== Segment start ==
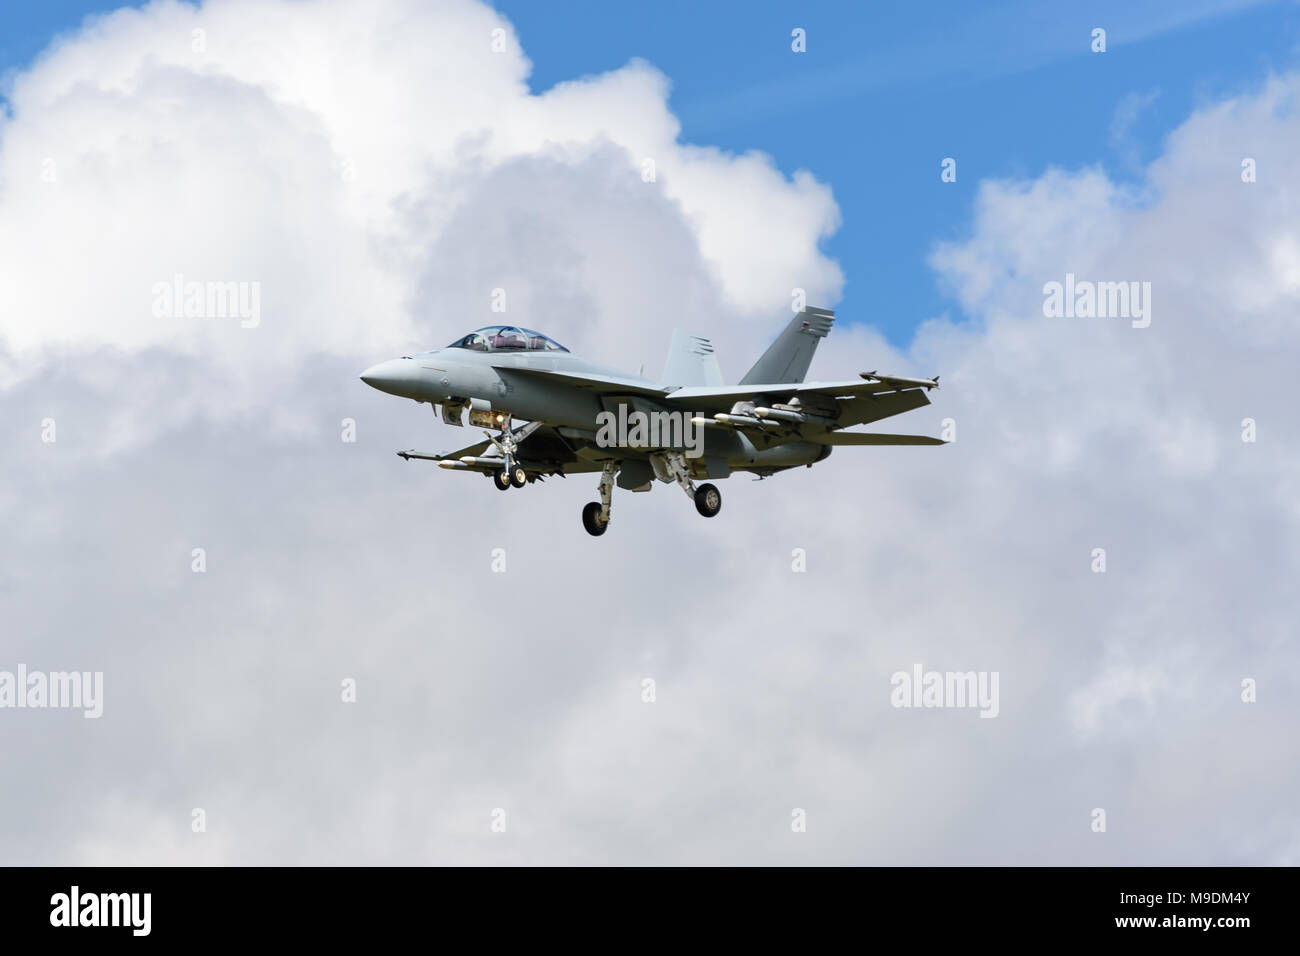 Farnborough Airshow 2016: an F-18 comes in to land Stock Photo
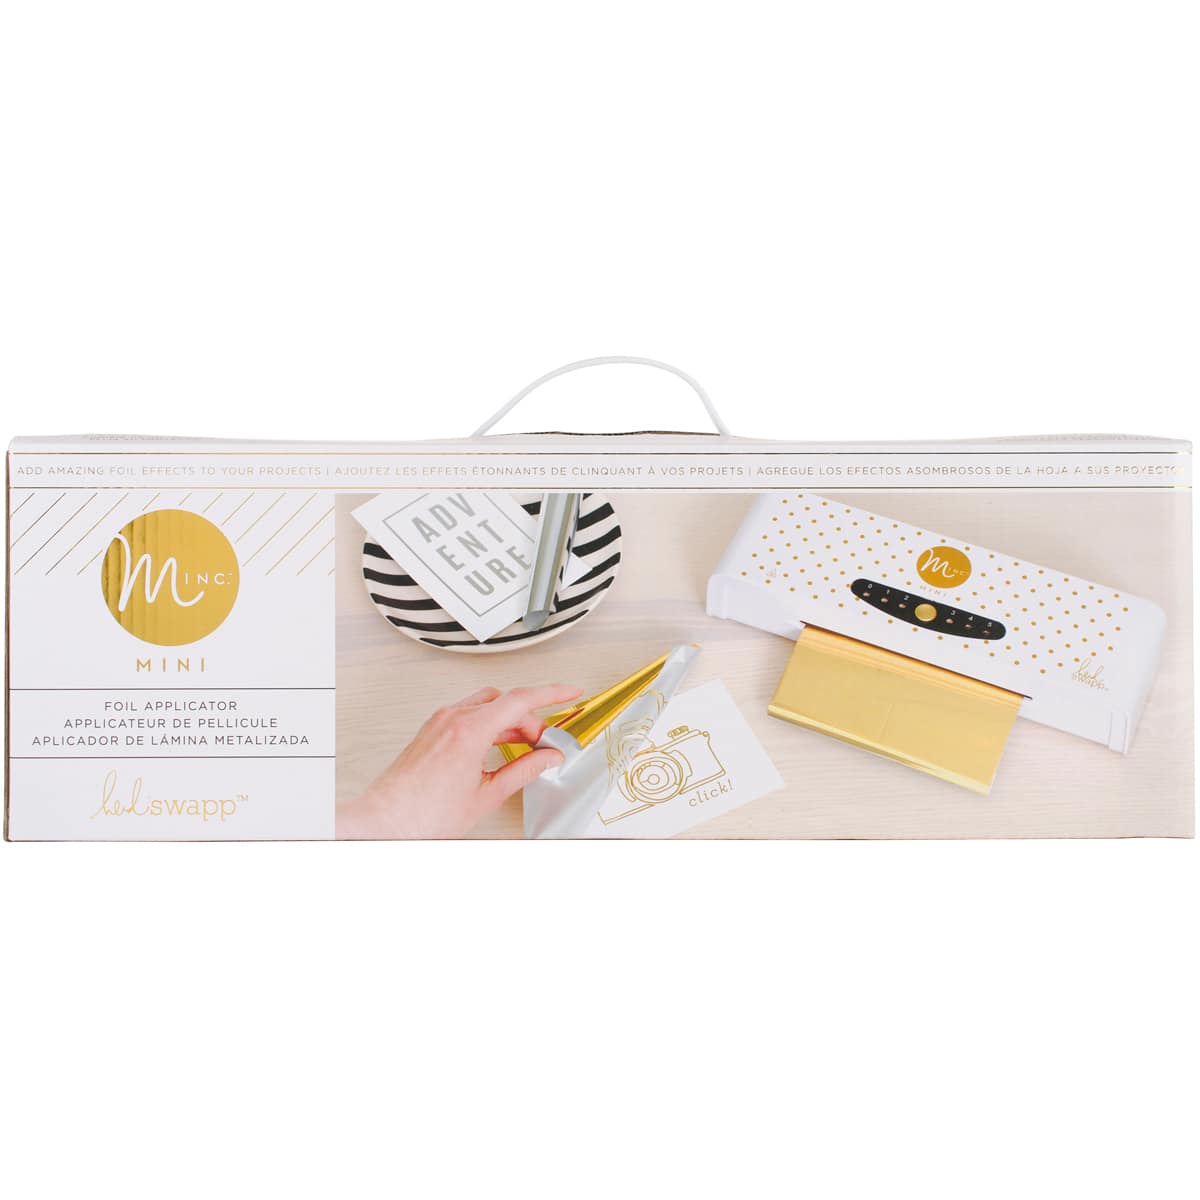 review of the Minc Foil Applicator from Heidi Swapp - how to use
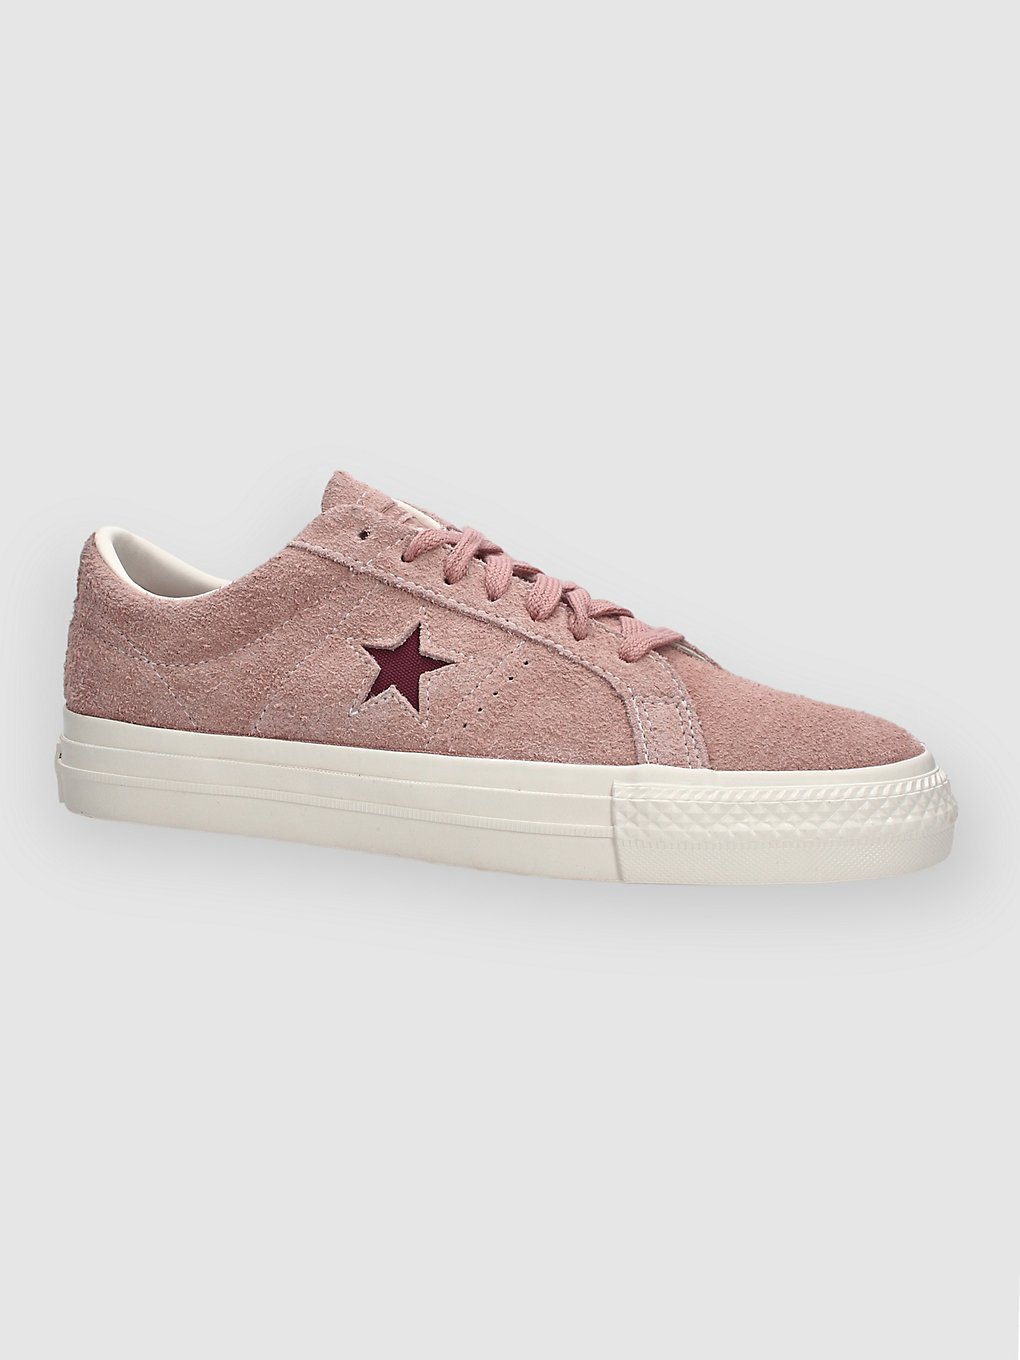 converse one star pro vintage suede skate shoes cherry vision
== Segment end ==
• Problem details:
The answer must consist solely of the lines from the line containing "review of the" to the end of the data, reproduced exactly, with every picture left out.

• Expected output:
 review of the Minc Foil Applicator from Heidi Swapp - how to use
 converse one star pro vintage suede skate shoes cherry vision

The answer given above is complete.